STORED DATA:

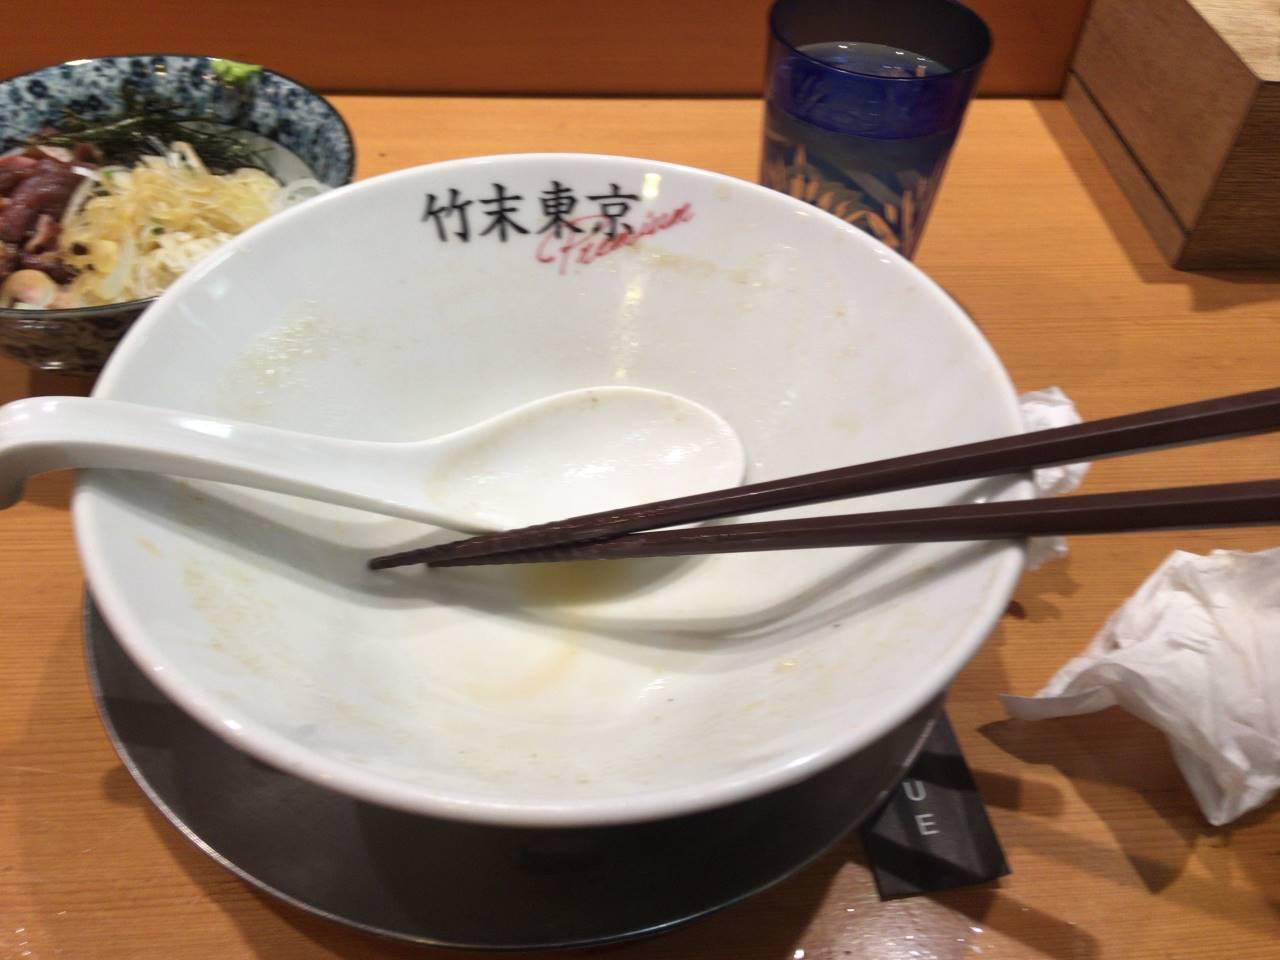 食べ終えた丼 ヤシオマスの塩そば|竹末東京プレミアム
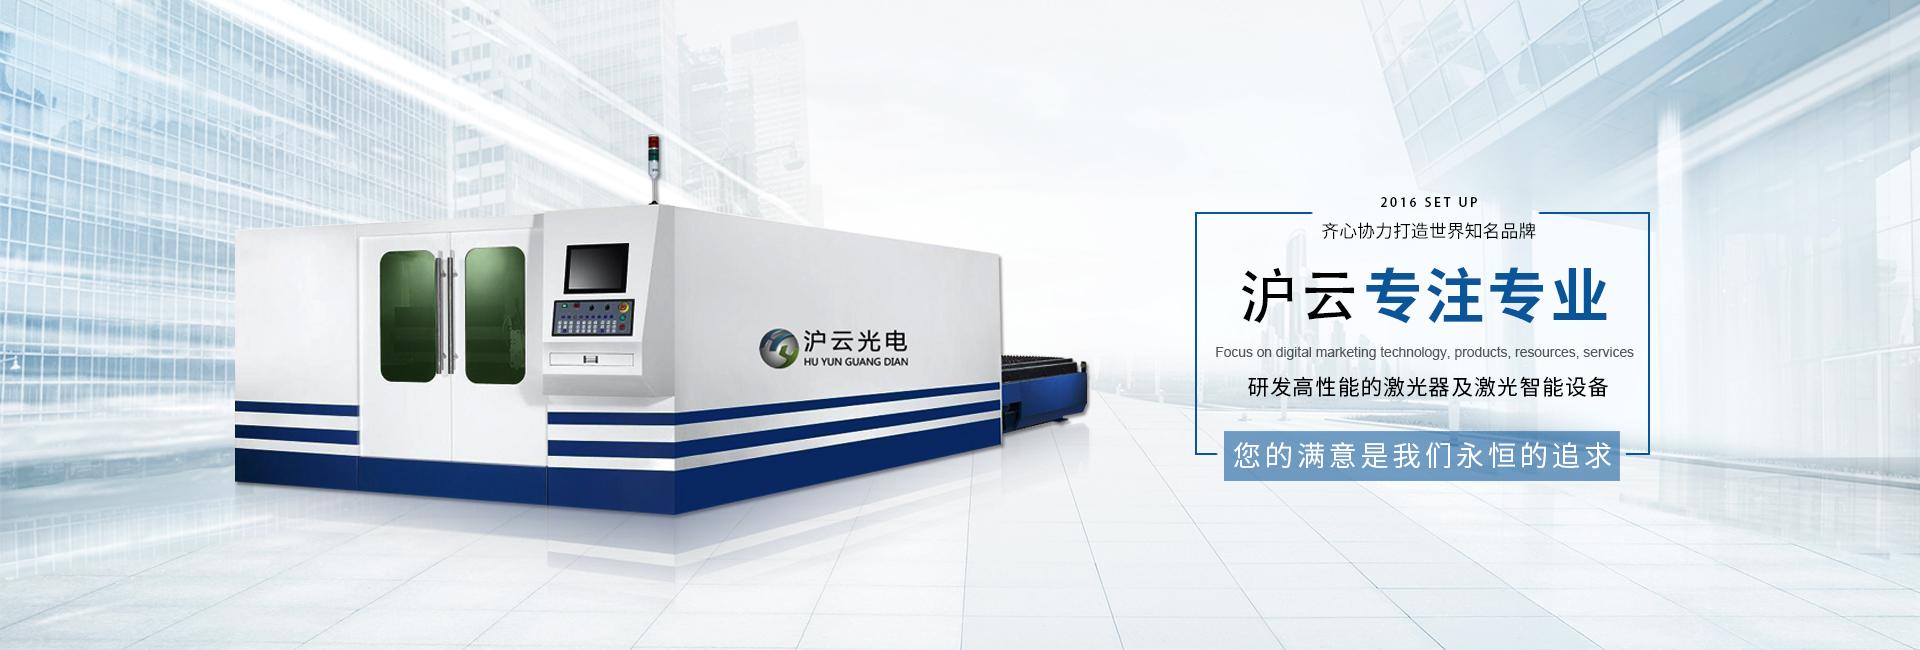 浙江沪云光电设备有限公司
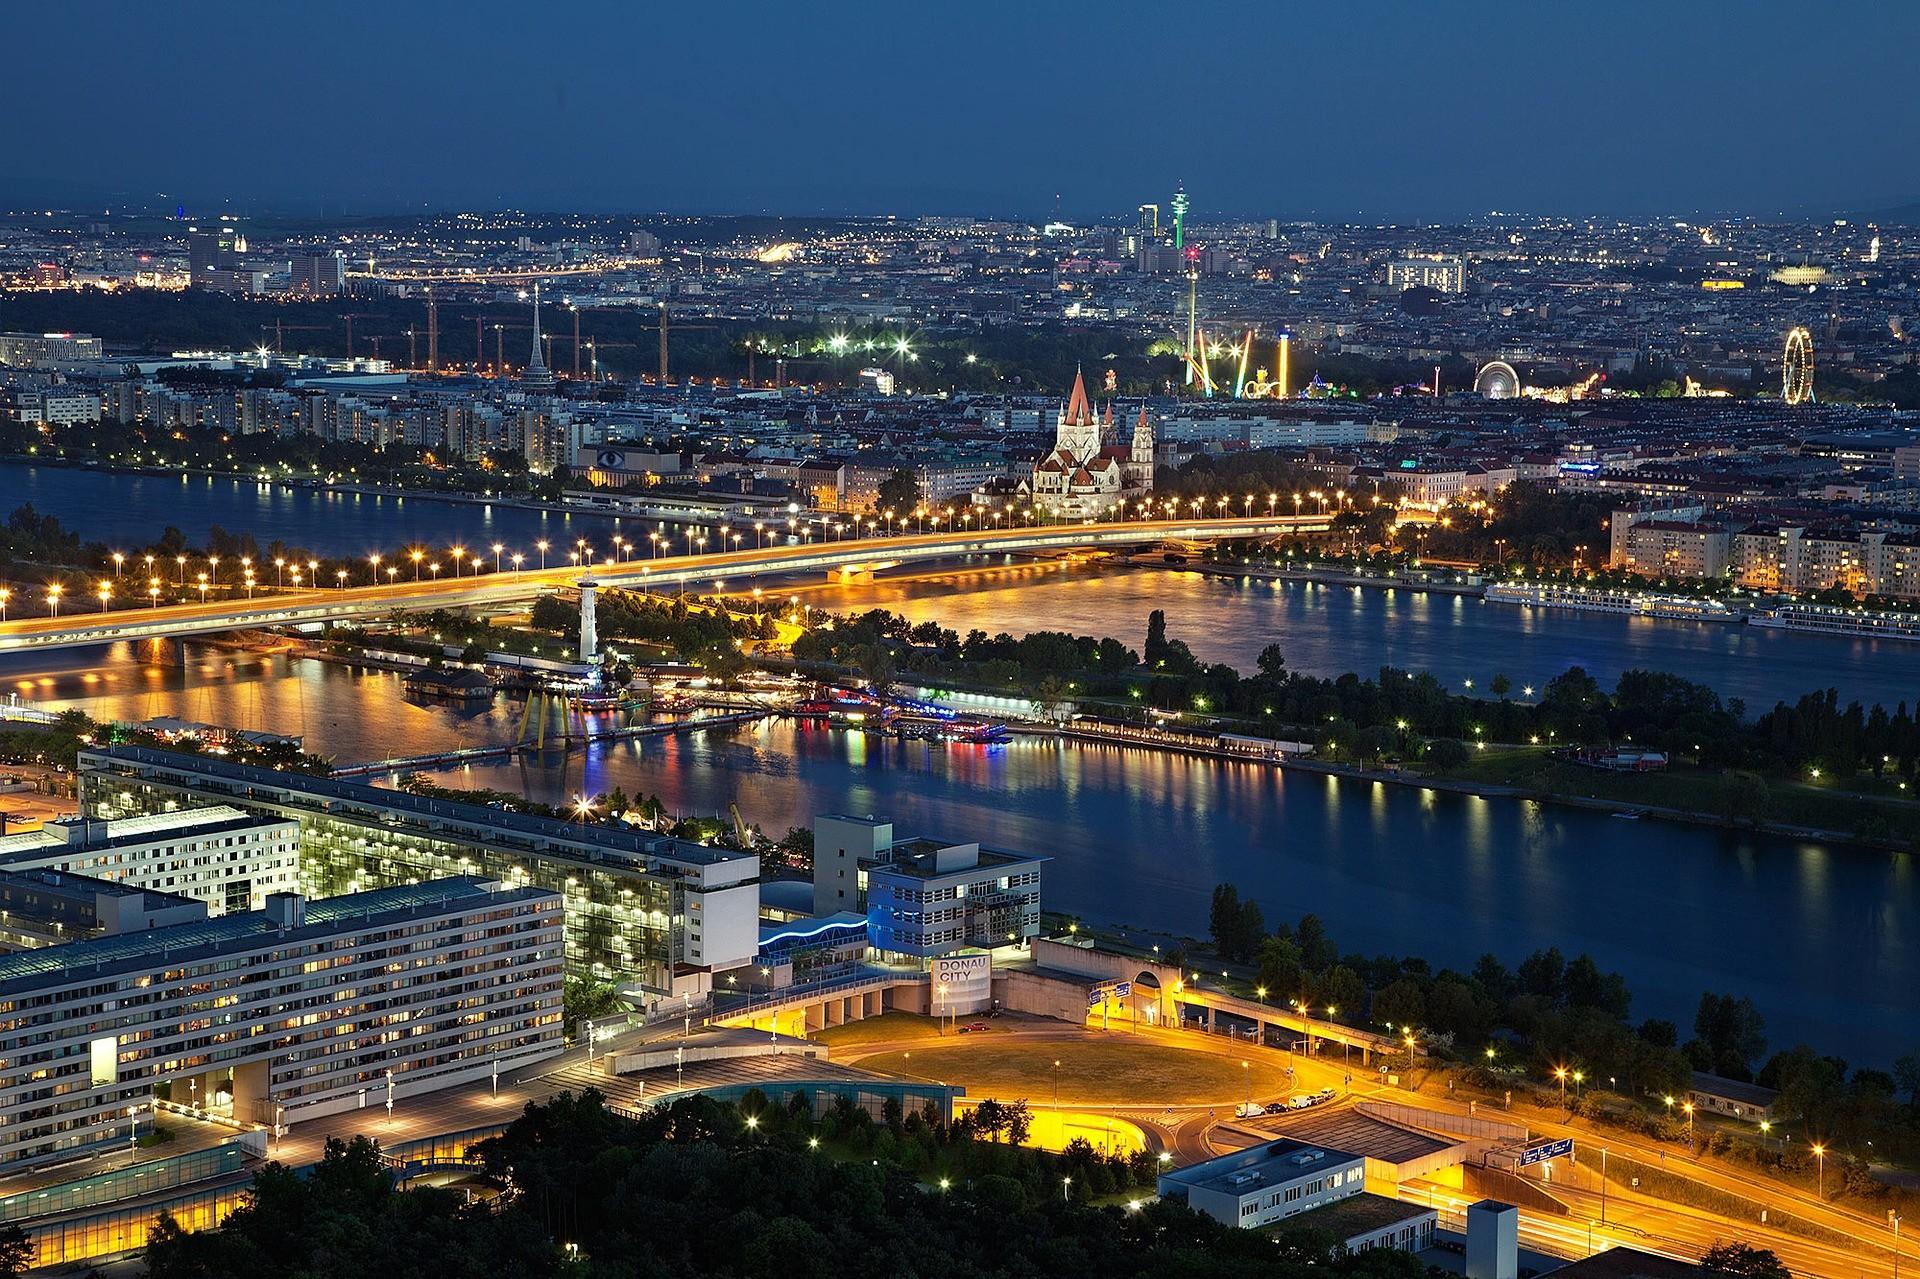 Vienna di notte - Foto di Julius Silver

ASSIGNED TASK: Would you return the data exactly as written, without the pictures?

TASK ANSWER:
 食べ終えた丼 ヤシオマスの塩そば|竹末東京プレミアム
 浙江沪云光电设备有限公司
 Vienna di notte - Foto di Julius Silver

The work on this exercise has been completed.